Task details – Practice item. Set the material below down again exactly, with no pictures.

Data below –
=== Section Start ===

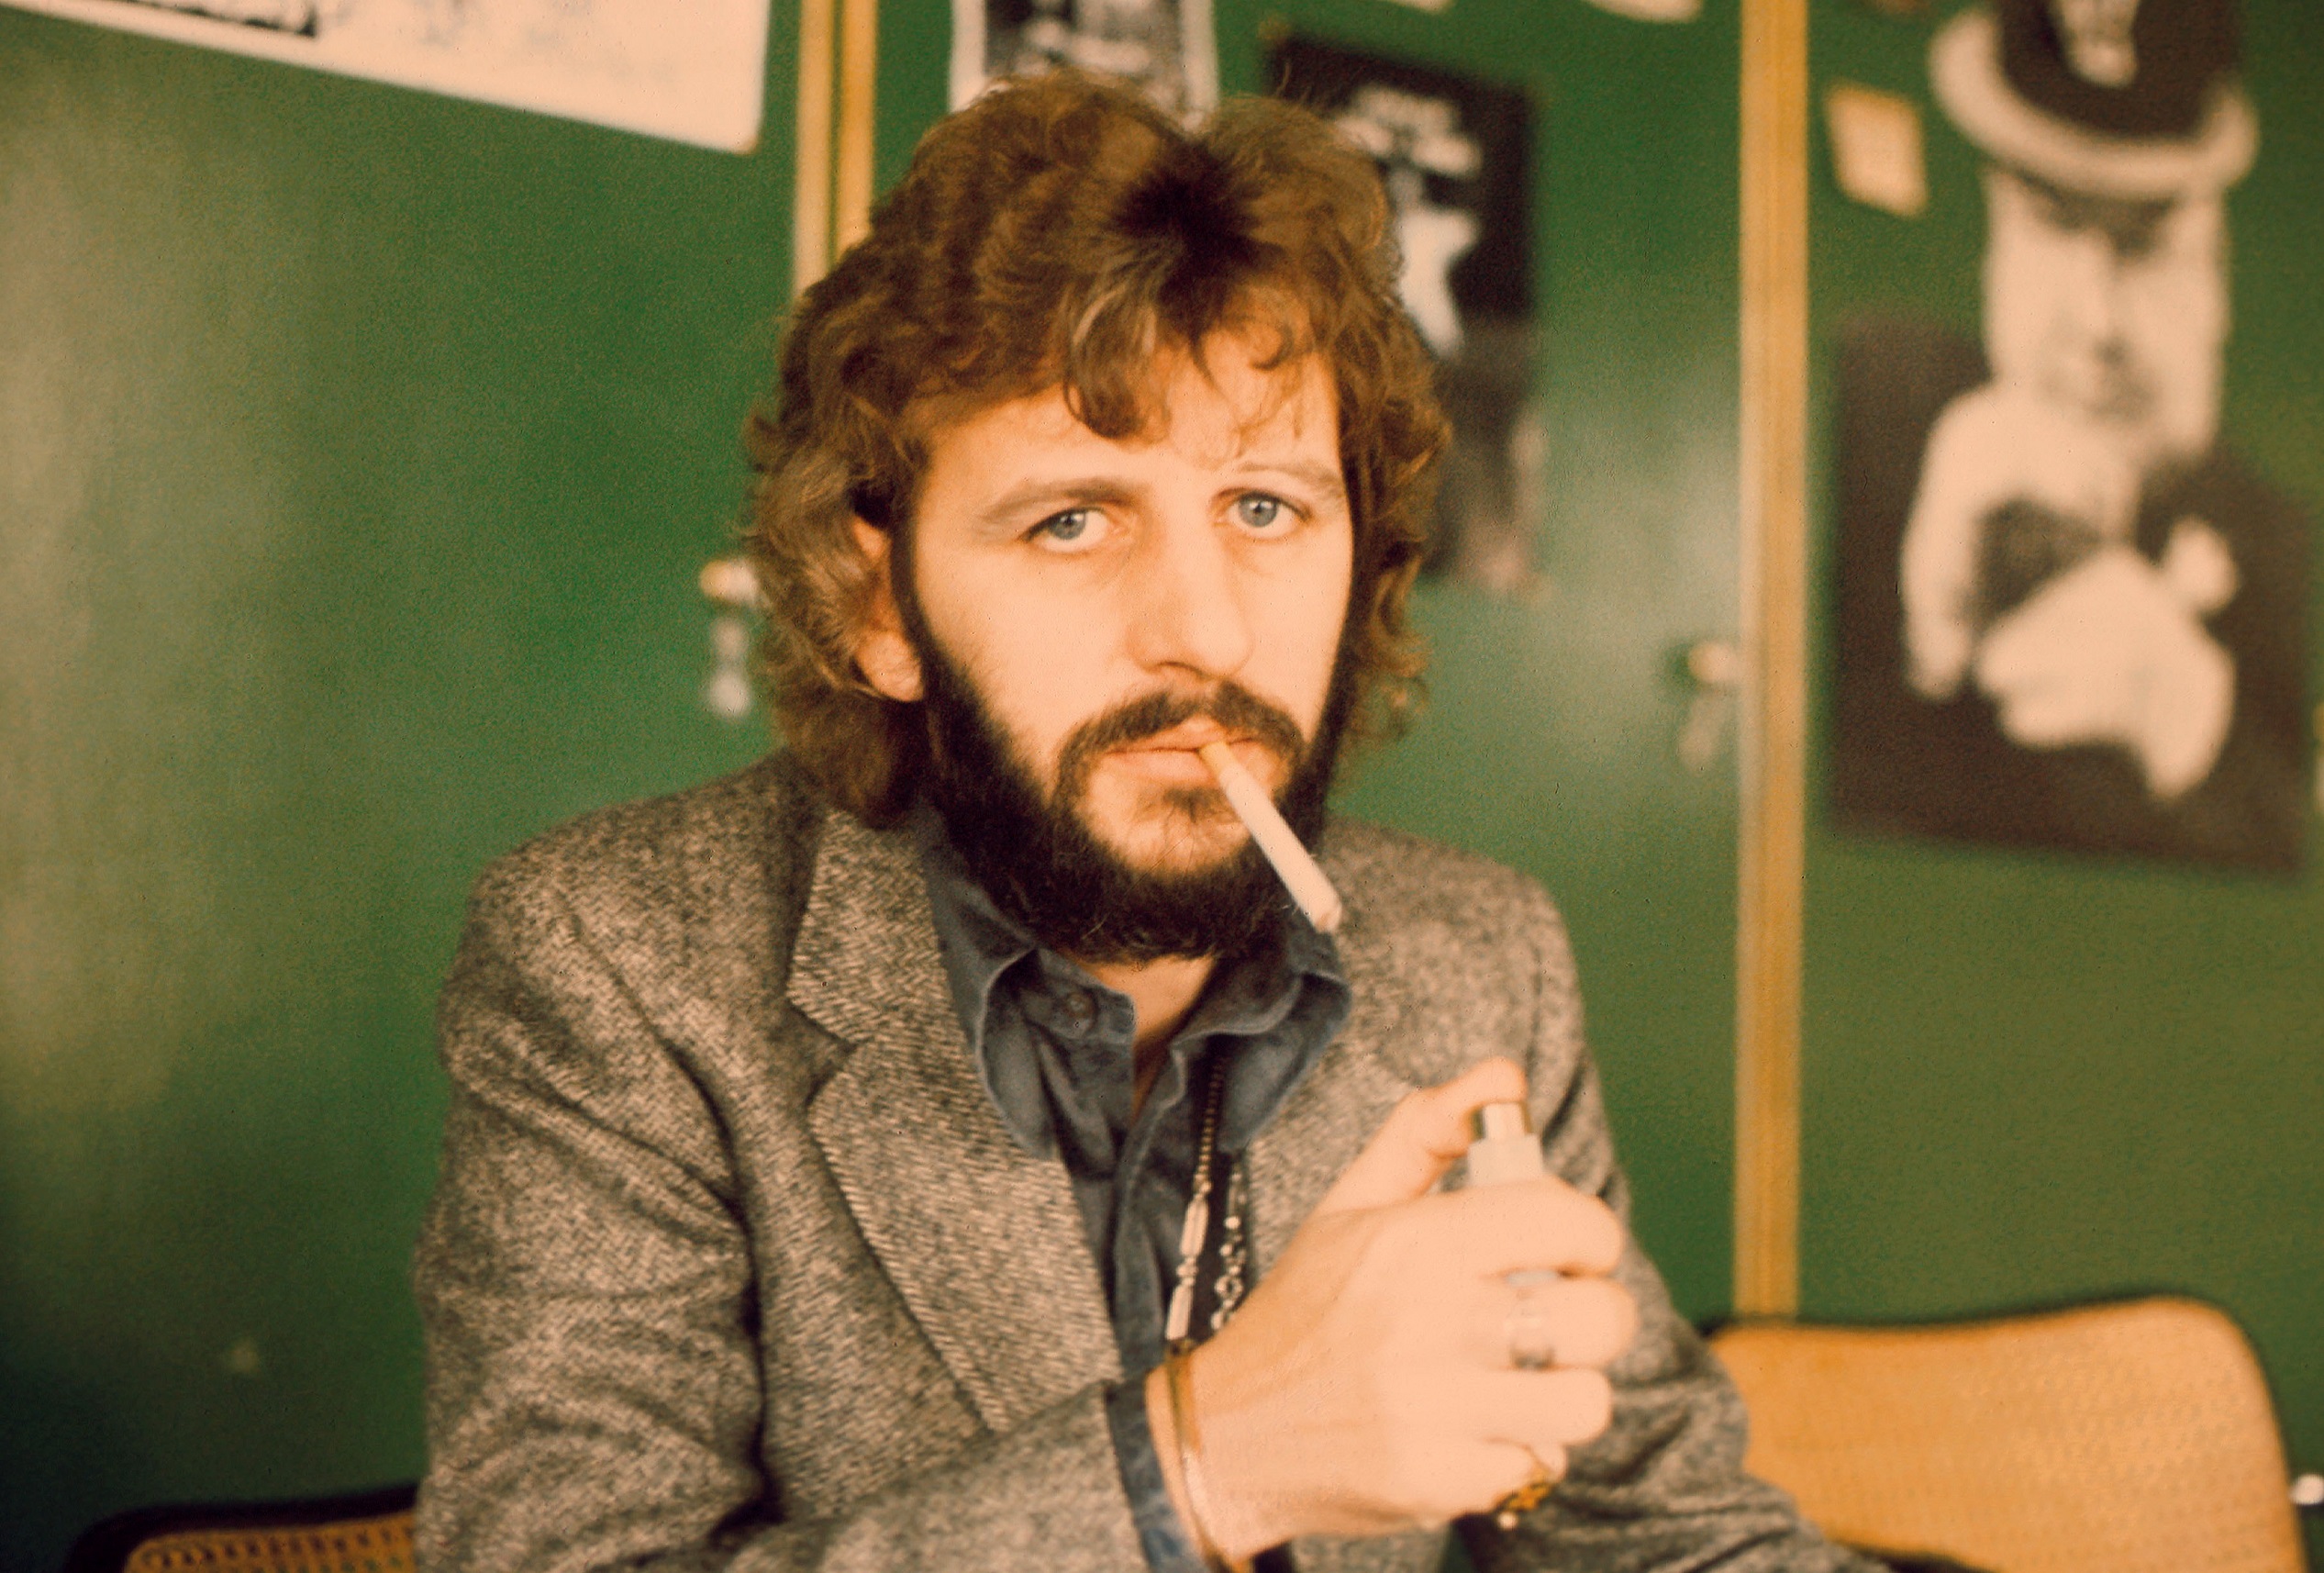 Ringo Starr of The Beatles in a jacket
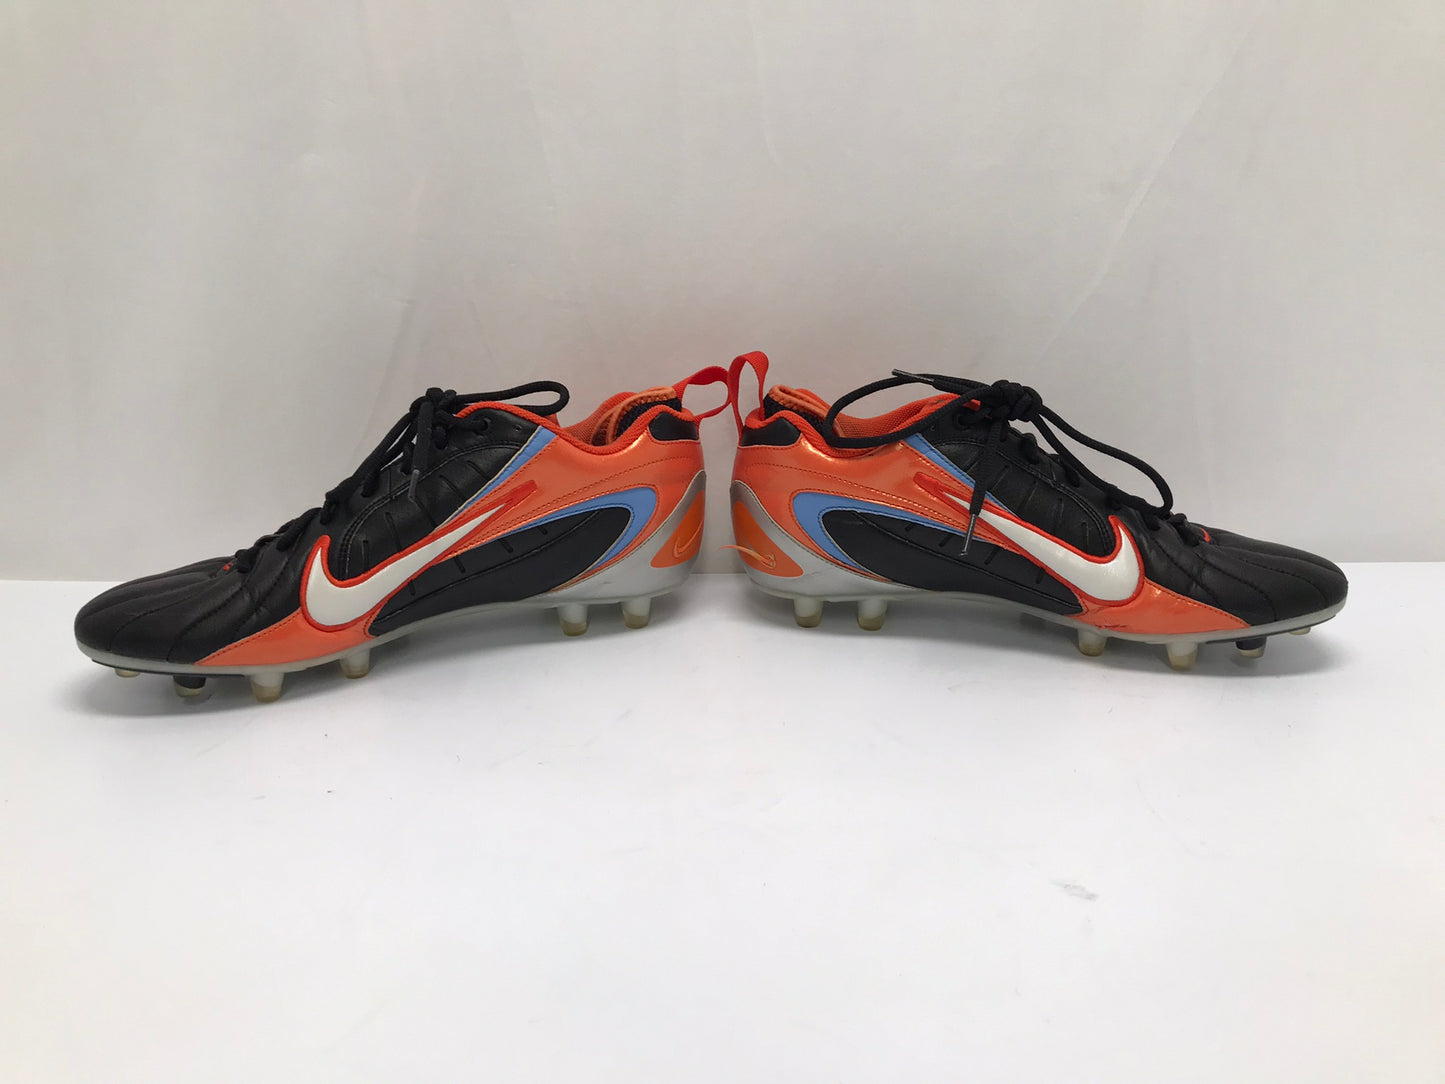 Football Cleats Men's Size 12 Nike iD Pro Quality Leather Black Orange As New
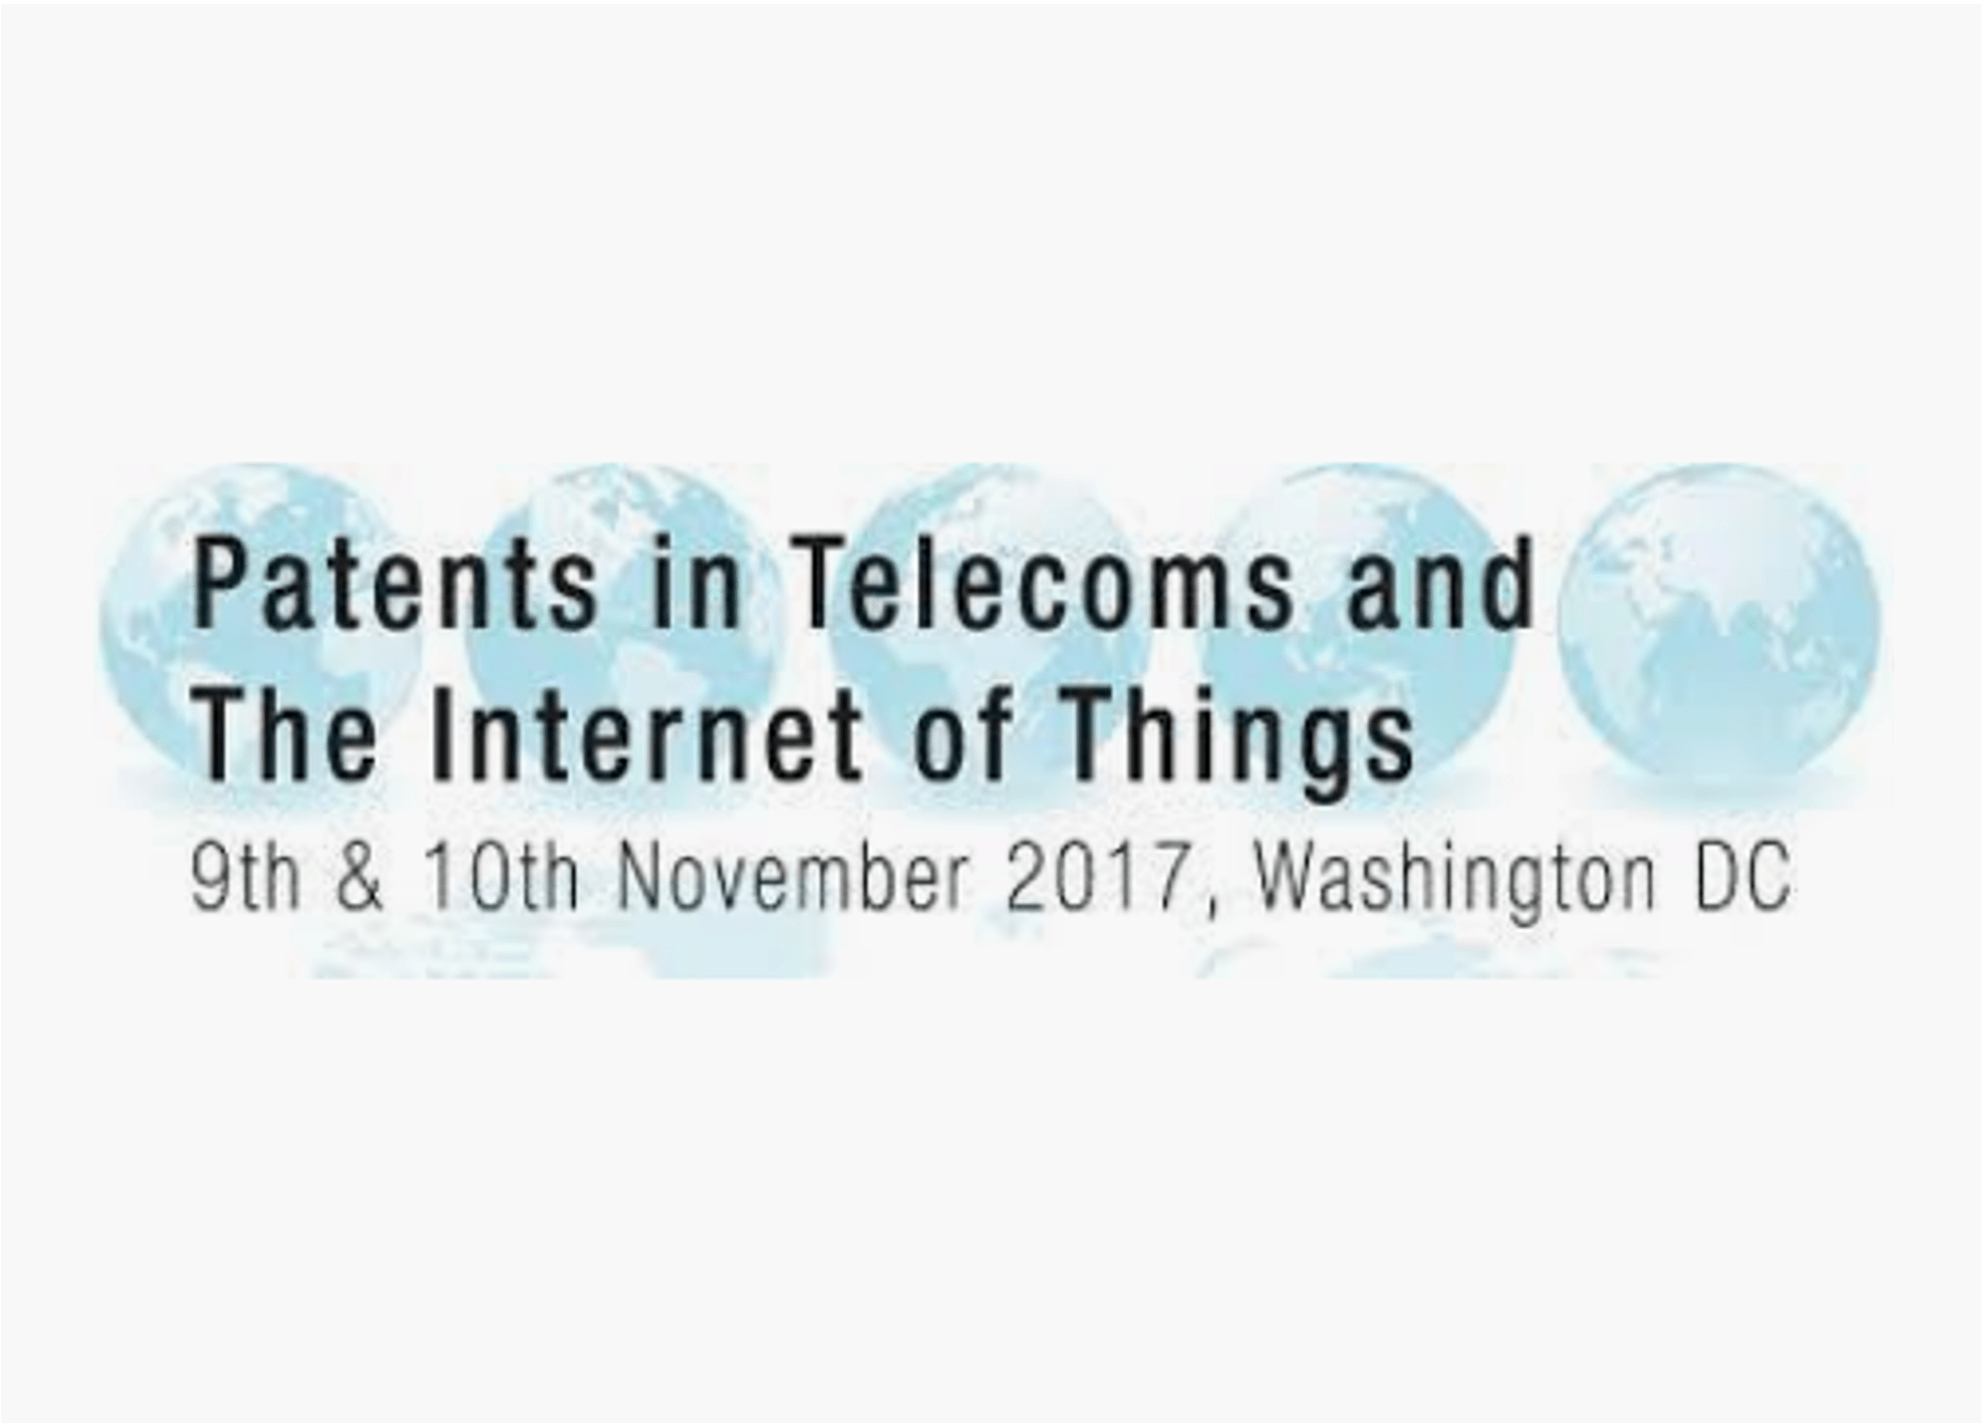 Patents in Telecom in Cooperation with ETSI and GSMA 2017

=== Section End ===

Exercise solution –
 Ringo Starr of The Beatles in a jacket
 Football Cleats Men's Size 12 Nike iD Pro Quality Leather Black Orange As New
 Patents in Telecom in Cooperation with ETSI and GSMA 2017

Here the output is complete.